*** Block opens ***
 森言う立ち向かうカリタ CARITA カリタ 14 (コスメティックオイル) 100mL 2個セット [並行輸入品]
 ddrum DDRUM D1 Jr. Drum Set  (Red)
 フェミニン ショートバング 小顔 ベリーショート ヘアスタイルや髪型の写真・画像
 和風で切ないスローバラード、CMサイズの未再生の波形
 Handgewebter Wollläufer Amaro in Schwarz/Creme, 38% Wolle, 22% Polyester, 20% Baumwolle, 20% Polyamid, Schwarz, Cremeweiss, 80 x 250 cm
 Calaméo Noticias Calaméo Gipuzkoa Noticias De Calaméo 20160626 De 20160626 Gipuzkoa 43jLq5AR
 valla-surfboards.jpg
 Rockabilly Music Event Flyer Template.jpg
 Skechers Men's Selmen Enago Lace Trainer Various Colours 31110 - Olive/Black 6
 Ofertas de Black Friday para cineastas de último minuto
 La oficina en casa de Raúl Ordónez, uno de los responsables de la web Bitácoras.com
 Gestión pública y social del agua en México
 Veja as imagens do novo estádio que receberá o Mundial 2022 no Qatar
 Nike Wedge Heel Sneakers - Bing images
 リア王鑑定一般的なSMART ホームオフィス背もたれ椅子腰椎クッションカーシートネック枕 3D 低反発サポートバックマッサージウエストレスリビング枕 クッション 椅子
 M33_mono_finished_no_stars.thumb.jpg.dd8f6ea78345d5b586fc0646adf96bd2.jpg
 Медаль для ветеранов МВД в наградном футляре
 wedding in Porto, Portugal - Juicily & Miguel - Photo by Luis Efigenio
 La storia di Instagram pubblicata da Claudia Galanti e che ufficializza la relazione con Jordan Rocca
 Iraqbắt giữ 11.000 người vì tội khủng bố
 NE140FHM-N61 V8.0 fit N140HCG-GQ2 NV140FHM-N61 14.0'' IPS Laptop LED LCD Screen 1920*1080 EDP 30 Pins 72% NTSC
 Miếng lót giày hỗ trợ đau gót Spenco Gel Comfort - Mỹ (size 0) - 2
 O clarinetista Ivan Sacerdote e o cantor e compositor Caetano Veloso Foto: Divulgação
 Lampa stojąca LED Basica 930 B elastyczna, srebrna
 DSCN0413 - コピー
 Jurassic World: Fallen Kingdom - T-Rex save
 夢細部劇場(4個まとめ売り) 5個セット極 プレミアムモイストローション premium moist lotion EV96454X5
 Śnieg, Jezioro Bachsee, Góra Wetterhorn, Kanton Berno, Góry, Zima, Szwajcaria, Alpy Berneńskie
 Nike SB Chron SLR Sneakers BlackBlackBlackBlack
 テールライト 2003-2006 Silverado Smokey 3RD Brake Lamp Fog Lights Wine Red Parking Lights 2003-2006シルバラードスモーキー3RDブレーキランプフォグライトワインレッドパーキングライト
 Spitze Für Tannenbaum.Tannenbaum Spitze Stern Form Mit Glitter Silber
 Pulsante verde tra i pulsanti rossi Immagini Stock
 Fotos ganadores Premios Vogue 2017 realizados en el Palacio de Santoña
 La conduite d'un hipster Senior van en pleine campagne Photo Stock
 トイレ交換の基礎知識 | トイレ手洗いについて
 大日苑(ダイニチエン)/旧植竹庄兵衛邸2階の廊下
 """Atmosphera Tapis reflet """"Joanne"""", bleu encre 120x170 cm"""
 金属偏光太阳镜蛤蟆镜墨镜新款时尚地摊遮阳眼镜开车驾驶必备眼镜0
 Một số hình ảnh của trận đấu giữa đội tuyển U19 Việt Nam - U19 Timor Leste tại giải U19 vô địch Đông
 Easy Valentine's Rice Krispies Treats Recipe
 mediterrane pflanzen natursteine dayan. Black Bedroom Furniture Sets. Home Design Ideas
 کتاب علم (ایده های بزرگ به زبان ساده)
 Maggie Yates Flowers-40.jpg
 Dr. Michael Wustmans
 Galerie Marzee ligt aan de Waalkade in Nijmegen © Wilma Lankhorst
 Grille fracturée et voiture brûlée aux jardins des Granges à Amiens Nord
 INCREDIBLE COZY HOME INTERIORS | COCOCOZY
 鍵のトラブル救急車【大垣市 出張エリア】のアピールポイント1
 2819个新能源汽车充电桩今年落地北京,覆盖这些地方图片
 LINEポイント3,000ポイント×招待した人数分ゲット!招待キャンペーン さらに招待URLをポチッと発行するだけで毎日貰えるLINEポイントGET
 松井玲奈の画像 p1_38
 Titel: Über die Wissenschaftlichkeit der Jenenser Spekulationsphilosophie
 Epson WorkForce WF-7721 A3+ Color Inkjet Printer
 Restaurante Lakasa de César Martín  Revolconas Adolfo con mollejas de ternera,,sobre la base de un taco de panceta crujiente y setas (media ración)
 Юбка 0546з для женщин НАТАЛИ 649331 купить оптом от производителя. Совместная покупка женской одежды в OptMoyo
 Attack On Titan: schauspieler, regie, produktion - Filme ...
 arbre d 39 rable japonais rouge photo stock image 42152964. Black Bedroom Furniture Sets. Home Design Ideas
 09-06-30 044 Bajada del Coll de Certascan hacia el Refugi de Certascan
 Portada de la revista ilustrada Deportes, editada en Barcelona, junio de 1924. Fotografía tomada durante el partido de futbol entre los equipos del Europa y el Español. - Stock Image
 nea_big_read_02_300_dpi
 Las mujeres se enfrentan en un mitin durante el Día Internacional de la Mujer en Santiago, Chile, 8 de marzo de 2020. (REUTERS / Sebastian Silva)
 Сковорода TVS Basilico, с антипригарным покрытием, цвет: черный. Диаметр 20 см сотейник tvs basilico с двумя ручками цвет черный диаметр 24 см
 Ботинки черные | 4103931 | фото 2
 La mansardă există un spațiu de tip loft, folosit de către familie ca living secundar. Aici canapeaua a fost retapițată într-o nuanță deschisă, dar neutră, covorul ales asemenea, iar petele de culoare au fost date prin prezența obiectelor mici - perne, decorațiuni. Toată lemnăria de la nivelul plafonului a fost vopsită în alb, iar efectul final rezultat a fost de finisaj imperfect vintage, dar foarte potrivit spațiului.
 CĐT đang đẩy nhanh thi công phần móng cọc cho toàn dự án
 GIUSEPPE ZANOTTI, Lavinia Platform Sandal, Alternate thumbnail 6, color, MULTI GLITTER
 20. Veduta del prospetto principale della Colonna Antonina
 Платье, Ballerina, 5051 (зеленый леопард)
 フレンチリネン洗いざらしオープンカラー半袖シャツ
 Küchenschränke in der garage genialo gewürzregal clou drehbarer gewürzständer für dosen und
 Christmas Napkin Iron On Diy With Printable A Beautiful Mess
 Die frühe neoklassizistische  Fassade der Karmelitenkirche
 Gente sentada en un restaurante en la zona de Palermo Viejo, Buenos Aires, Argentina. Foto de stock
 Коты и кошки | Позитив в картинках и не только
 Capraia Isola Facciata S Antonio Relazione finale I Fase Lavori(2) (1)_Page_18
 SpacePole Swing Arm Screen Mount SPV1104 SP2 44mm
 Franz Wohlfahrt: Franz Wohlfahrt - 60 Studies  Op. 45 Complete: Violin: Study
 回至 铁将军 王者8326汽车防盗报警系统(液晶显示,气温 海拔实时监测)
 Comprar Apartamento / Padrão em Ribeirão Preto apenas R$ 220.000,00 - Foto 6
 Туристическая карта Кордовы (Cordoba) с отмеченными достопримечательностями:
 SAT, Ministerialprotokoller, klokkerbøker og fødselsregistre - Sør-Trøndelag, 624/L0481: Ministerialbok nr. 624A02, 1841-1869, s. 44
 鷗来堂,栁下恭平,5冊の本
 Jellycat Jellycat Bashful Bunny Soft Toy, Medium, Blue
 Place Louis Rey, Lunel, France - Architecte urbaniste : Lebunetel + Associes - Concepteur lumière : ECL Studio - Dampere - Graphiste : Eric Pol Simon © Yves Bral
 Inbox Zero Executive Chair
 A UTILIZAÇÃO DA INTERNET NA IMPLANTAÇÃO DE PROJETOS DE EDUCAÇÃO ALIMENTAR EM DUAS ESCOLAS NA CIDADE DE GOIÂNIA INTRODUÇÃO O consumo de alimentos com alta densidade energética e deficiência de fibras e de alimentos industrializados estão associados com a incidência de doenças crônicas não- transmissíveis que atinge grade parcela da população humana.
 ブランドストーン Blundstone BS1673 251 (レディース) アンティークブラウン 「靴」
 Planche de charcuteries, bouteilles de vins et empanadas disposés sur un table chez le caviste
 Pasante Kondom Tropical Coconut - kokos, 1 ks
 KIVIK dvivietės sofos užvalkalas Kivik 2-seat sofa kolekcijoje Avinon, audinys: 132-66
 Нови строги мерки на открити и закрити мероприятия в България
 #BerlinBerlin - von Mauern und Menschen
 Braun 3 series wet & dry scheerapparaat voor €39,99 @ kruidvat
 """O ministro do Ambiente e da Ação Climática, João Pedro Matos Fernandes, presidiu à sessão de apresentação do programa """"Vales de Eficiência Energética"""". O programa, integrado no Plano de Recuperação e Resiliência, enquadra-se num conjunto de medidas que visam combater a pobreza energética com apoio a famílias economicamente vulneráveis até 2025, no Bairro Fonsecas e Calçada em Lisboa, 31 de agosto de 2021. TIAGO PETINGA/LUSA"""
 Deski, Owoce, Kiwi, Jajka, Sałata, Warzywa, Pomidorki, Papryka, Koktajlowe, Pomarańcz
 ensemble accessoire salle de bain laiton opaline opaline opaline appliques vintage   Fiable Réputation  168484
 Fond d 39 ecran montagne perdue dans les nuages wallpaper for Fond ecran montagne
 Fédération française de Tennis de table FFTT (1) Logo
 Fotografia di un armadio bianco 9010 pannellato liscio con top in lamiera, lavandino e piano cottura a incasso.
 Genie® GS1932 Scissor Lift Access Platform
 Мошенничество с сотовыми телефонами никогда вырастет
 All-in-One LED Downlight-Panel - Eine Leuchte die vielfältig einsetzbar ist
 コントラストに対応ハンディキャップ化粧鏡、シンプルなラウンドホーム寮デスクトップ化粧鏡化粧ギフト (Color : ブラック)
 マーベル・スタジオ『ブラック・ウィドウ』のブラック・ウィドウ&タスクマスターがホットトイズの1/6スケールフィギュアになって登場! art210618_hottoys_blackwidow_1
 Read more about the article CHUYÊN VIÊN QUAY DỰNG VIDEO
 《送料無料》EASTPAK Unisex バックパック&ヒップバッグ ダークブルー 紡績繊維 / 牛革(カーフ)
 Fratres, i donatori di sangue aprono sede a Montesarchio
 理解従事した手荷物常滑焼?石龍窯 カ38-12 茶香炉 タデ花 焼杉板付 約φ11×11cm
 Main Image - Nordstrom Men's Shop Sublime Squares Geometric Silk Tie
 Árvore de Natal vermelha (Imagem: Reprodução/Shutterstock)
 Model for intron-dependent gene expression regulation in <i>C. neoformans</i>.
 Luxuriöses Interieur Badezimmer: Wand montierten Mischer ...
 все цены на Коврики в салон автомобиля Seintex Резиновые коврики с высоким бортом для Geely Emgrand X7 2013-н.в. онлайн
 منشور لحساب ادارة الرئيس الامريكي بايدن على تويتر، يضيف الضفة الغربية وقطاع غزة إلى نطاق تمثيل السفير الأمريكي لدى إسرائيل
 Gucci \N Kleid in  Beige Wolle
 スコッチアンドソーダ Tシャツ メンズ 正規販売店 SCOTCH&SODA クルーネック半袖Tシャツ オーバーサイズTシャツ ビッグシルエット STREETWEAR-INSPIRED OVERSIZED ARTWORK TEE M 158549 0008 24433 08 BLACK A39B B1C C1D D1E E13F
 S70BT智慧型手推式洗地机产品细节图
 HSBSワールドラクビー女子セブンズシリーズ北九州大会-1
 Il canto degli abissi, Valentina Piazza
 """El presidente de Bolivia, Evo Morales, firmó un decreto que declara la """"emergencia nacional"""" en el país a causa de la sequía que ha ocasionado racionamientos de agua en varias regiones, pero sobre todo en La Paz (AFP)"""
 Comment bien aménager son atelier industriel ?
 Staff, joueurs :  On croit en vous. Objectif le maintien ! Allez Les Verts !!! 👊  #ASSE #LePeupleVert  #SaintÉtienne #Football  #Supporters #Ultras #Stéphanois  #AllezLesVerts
*** Block closes ***
Wherever the string "Nike" occurs in the data, copy the line that holds it.

 Nike Wedge Heel Sneakers - Bing images
 Nike SB Chron SLR Sneakers BlackBlackBlackBlack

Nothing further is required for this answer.